Exercise objective -
Please reproduce the listing word for word. Pictures stay out.

Information supplied -
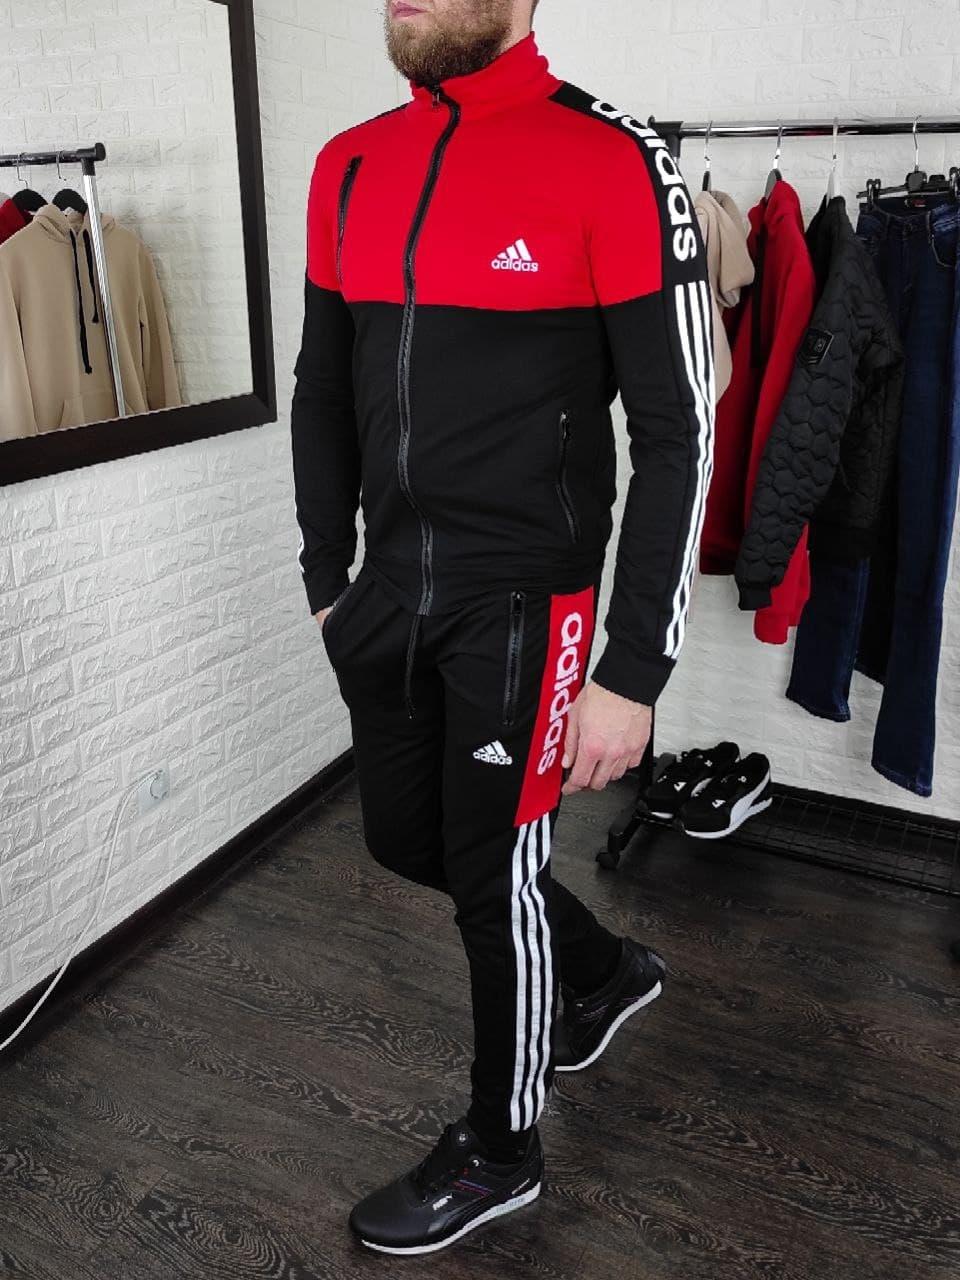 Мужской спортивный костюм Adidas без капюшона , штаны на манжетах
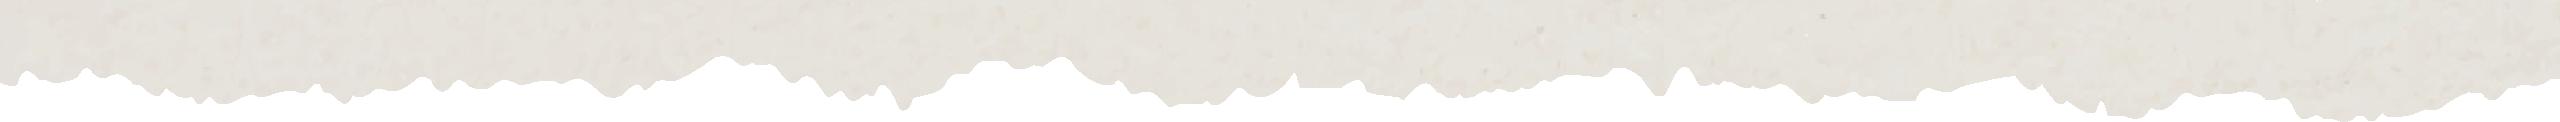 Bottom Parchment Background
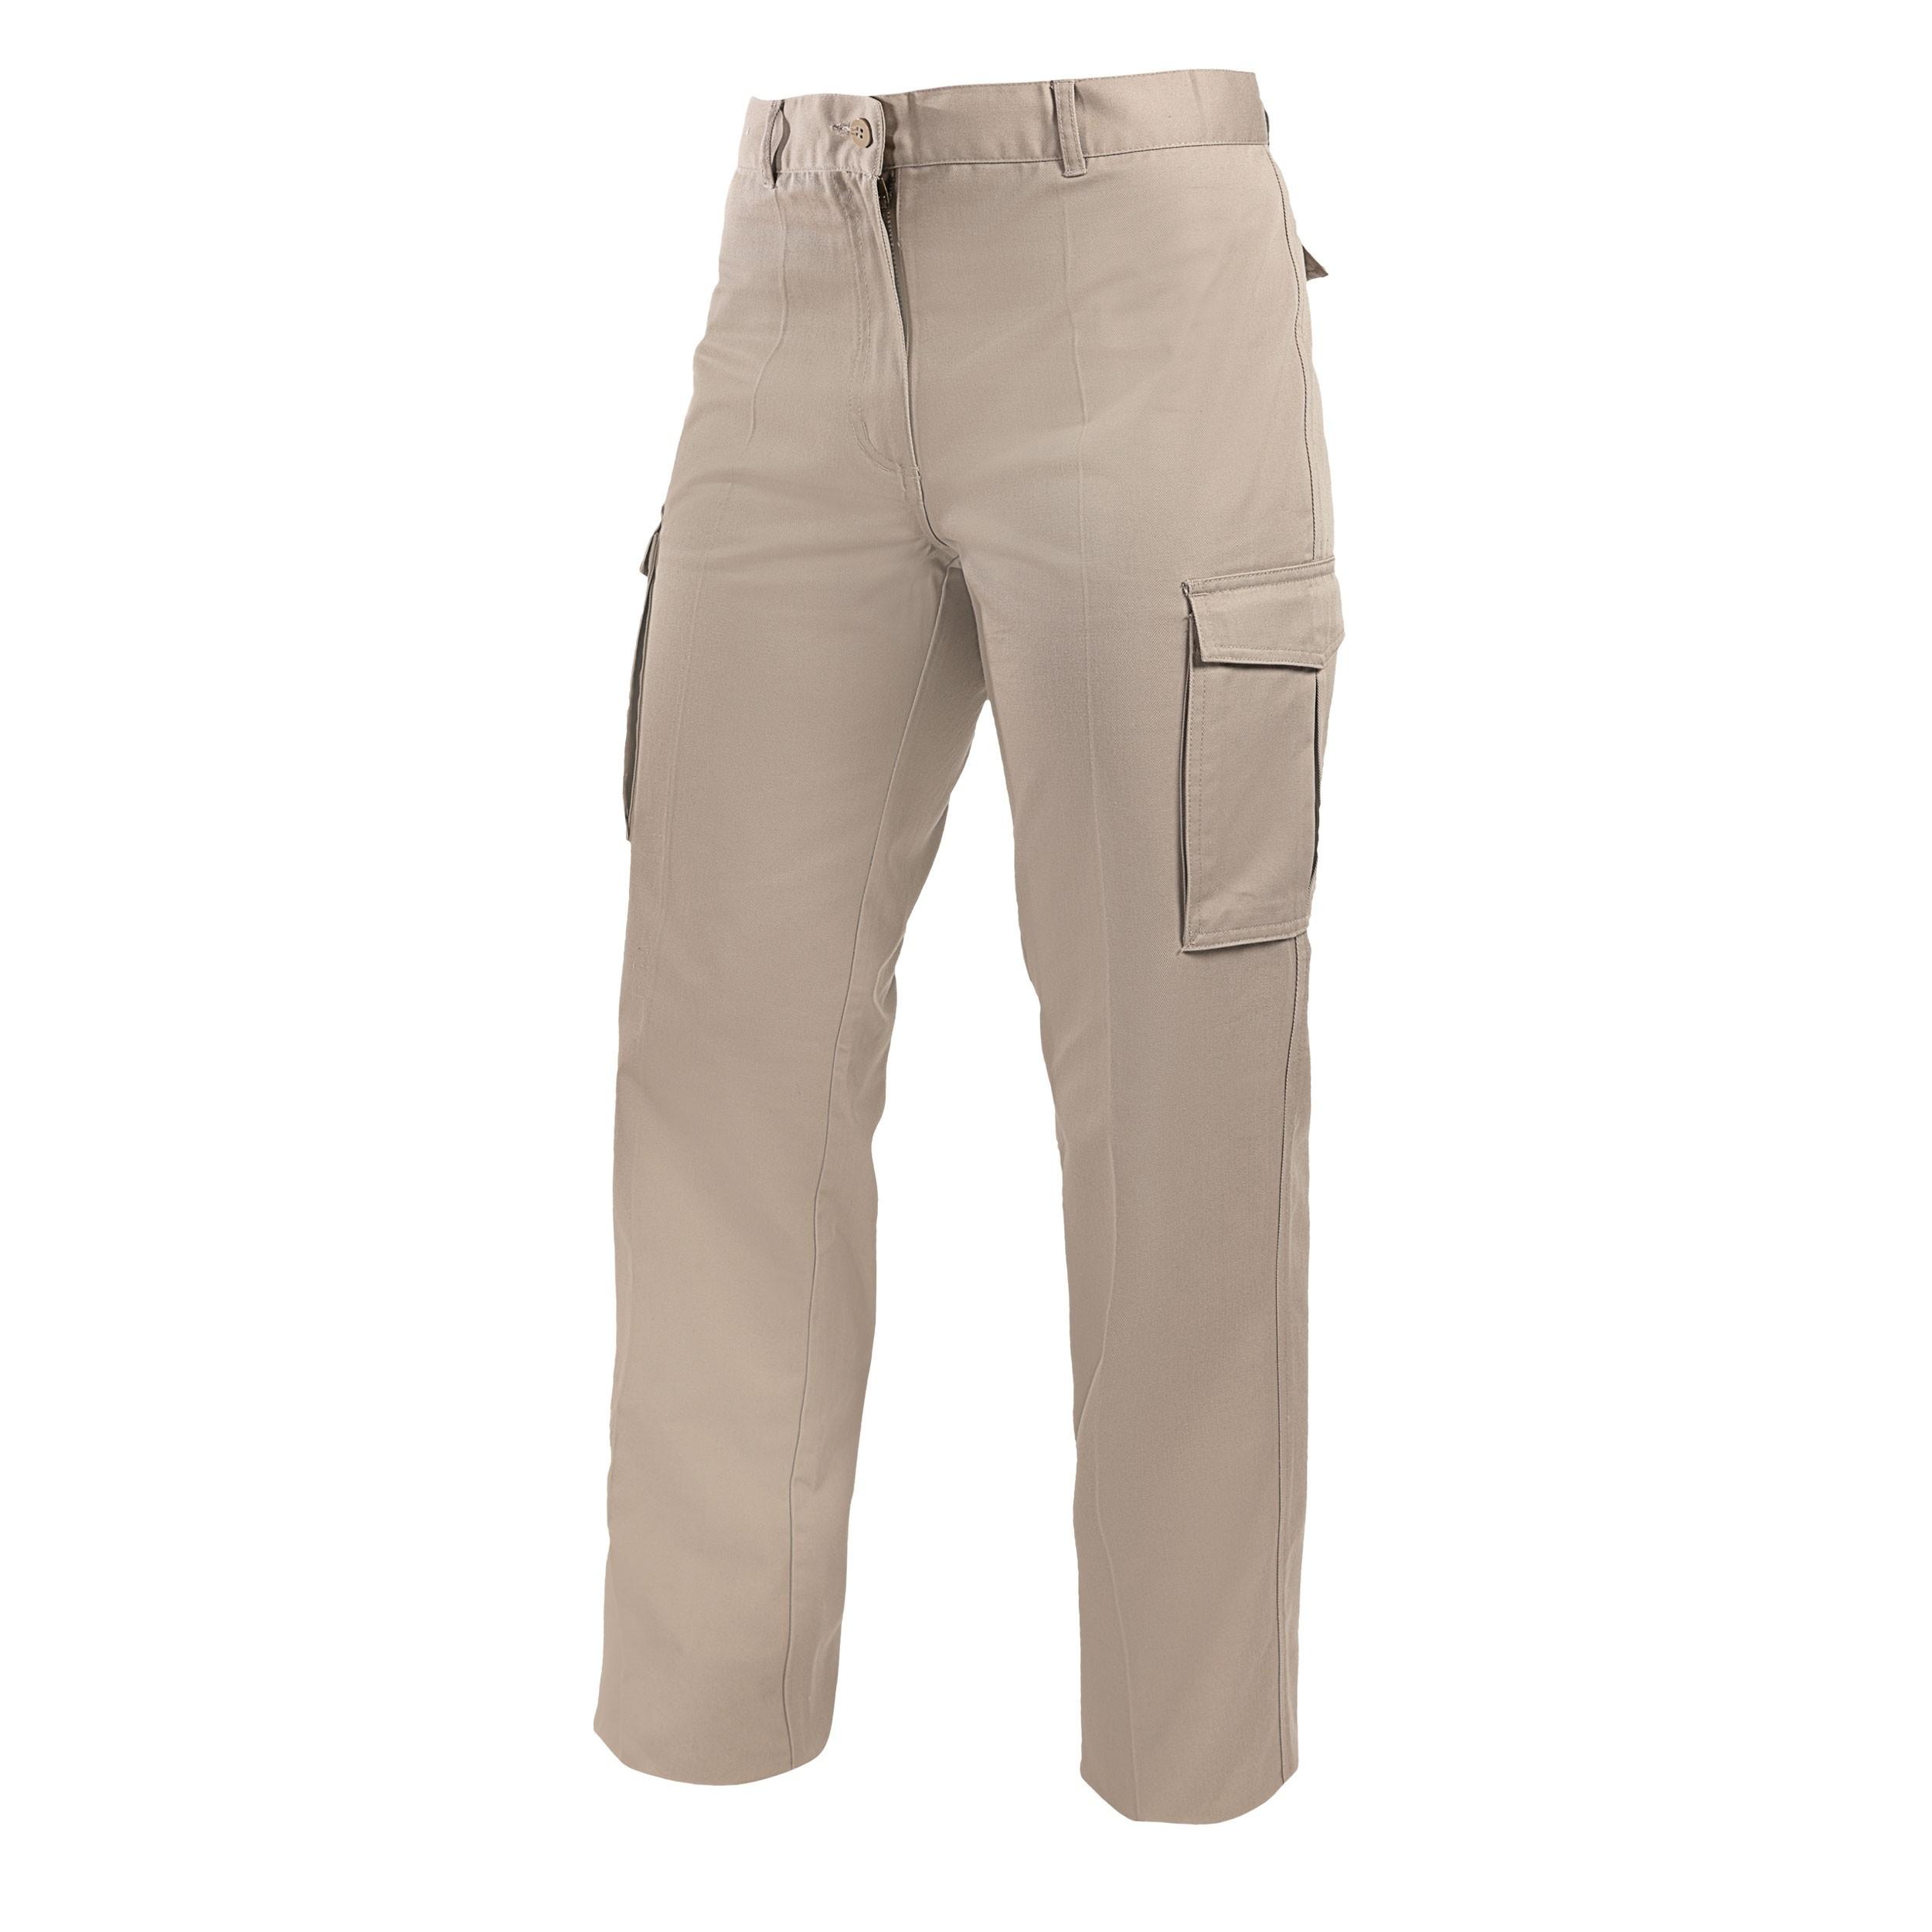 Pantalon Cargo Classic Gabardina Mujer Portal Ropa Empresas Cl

Answer area -
 Мужской спортивный костюм Adidas без капюшона , штаны на манжетах
 Bottom Parchment Background
 Pantalon Cargo Classic Gabardina Mujer Portal Ropa Empresas Cl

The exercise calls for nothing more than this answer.